RUM JavaScript Delivery Partially Delayed
Postmortem

Between 7:00 am and 12:45 pm (UTC) today, the JavaScript delivery feature of the Helix RUM Collector Service experienced an outage that resulted in slow responses and responses with status code 520 for following request types:

  1. helix-rum-js: this slowed down page rendering for customers of Adobe Experience Manager as a Cloud Service that are part of the VIP program for RUM collection in AEM CS. This affected a small double digit number of customers.
  2. helix-rum-enhancer: all customers of AEM CS and Edge Delivery Services were affected, so that some checkpoints in RUM collection could no longer be observed.
  3. web-vitals: all customers of AEM CS and Edge Delivery Services were affected, making it impossible to collect RUM values for Core Web Vitals

During the entire period, RUM data collection was unaffected and performed as expected, so that page view estimates during the outage will still be accurate.

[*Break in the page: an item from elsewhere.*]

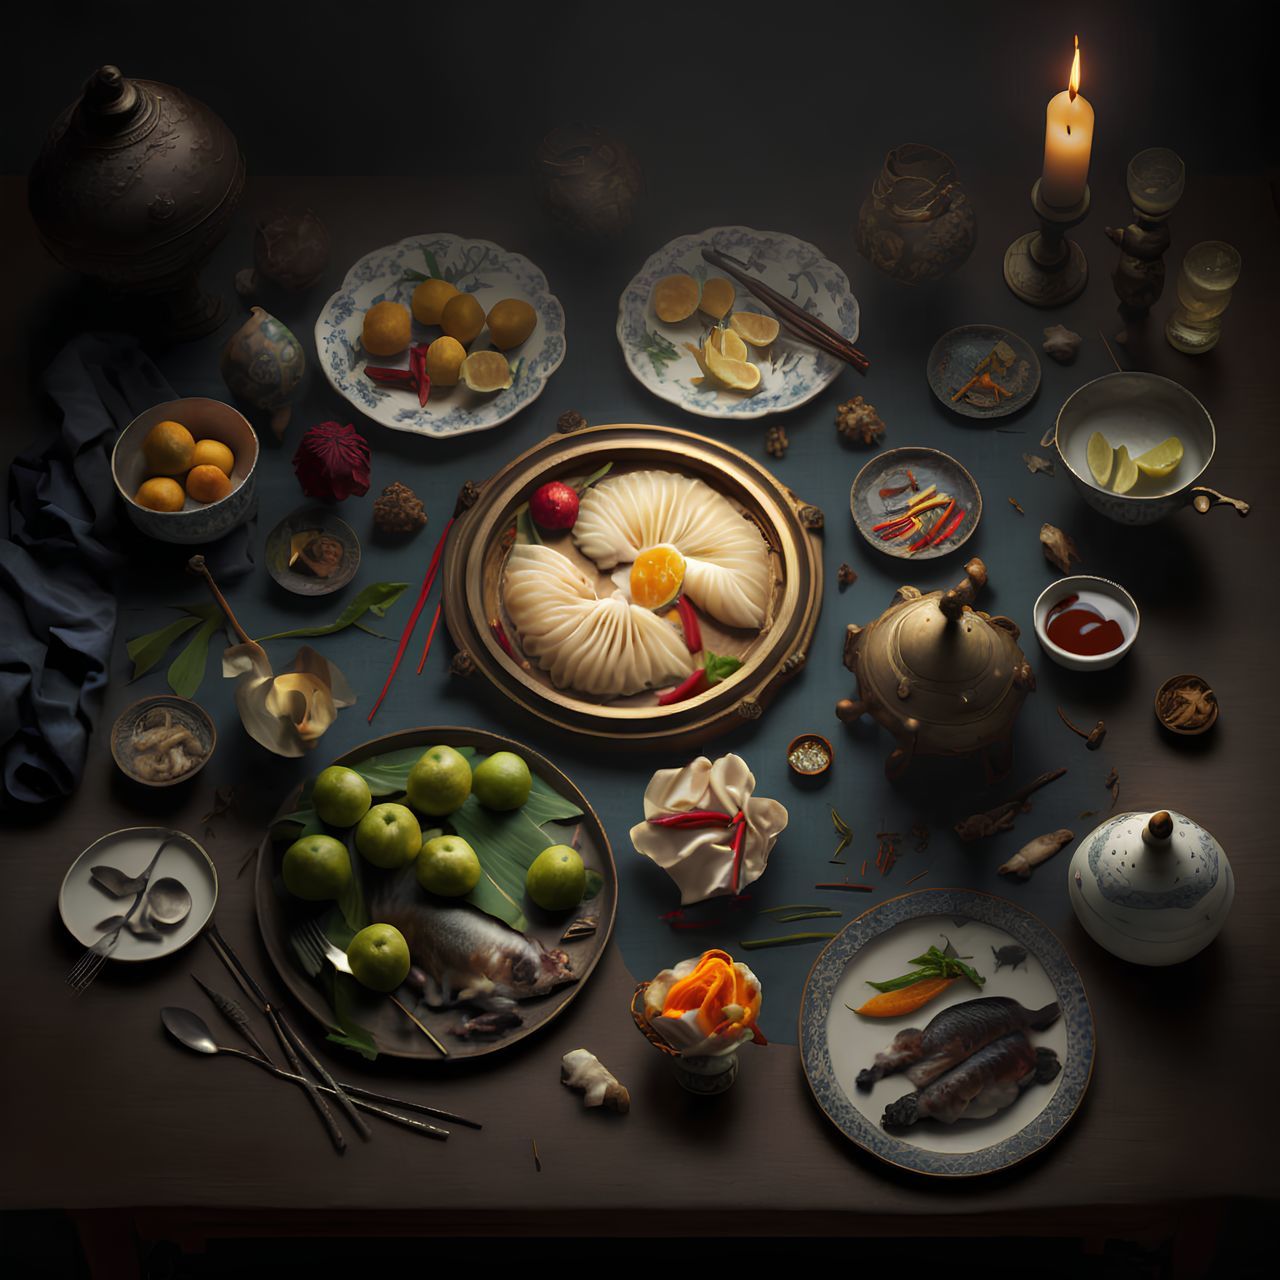 food and drink, food, healthy eating, fruit, wellbeing, freshness, high angle view, painting, no people, plate, still life photography, table, bowl, large group of objects, indoors, directly above, abundance, still life, variation, vegetable, meal, citrus fruit, drink, dark

The issue was caused by an outage of the unpkg.com CDN that is used as a backend to deliver JavaScript files required for RUM data collection. When unpkg service was resumed, the Helix RUM Collector Service regained full functionality.

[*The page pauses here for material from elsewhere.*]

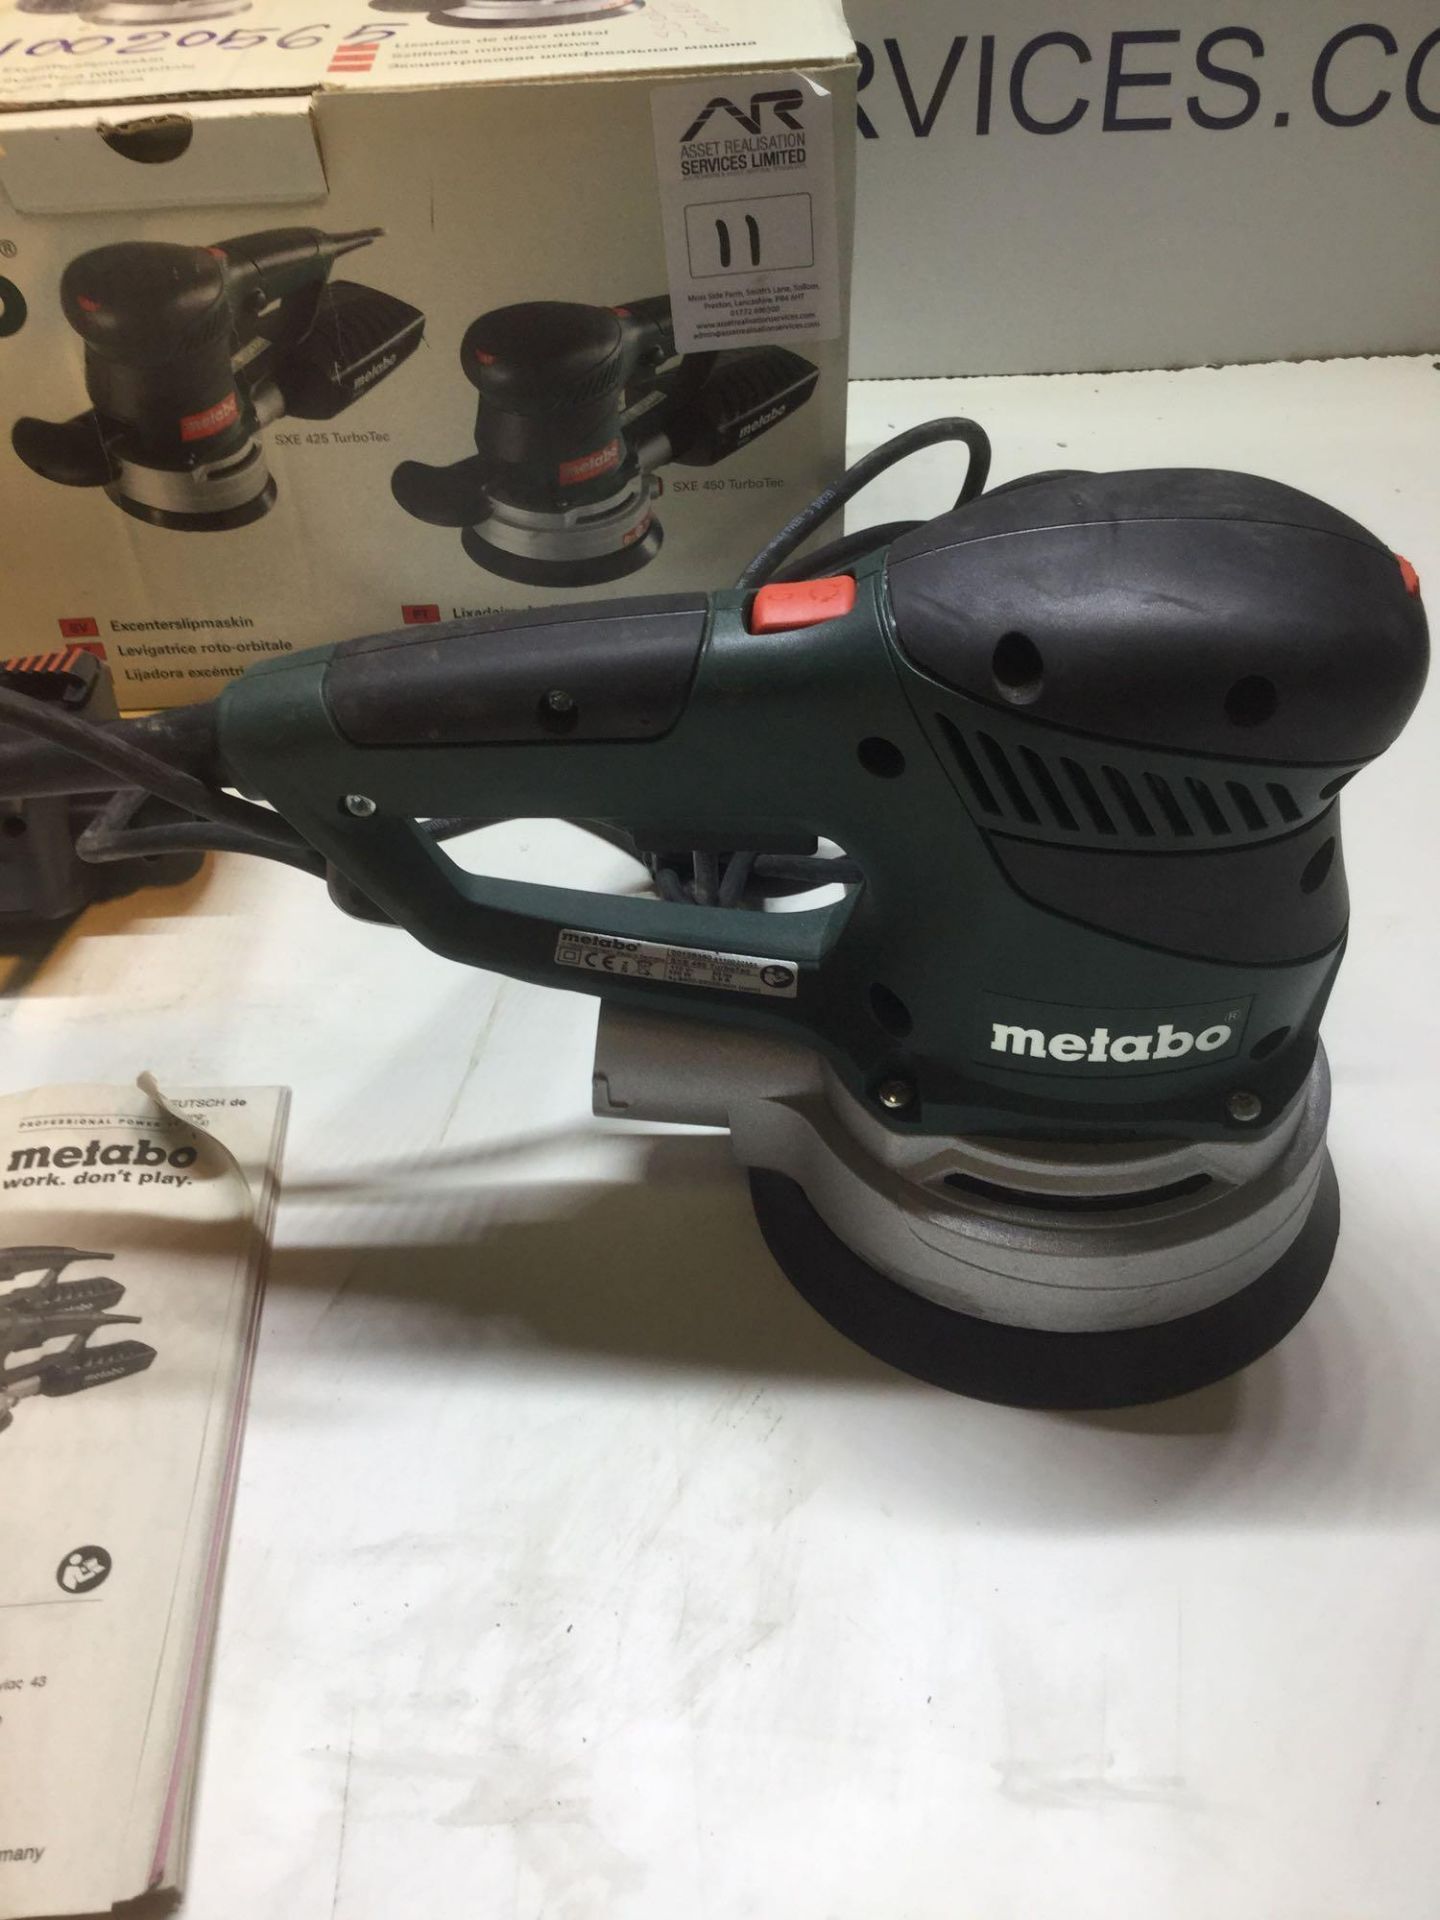 Metabo SXE 450 Orbital Sander c/w Filter & Attachments, 110v Boxed as New - Image 3 of 5

In order to prevent similar issues from re-occurring and to improve service quality, following steps will be taken by our team:

  • revisit error logging in the RUM Collector Service for GET requests
  • revisit synthetic monitoring of the JavaScript delivery of the RUM Collector Service
  • revisit timeouts, fallback resources, and fallback backends of the RUM Collector Service to ensure page rendering won’t be affected by backend outages
  • revisit integration of helix-rum-js into Adobe Experience Manager Cloud Service, to reduce reliance on an external service
Posted Apr 12, 2024 - 14:31 UTC

Resolved
The incident has been resolved and RUM script delivery is working for all customers as expected.
Posted Apr 12, 2024 - 14:05 UTC
Monitoring
The backend service has resumed operations, we are monitoring the situation.
Posted Apr 12, 2024 - 13:31 UTC
Identified
We have identified an outage at unpkg.com as the root source of the issue and are looking for ways to address the issue.
Posted Apr 12, 2024 - 13:08 UTC
Investigating
We are observing issues that are affecting page delivery for AEM customers. The issue is under active investigation and we are working with full effort to reach a speedy resolution.
Posted Apr 12, 2024 - 12:38 UTC
This incident affected: Delivery.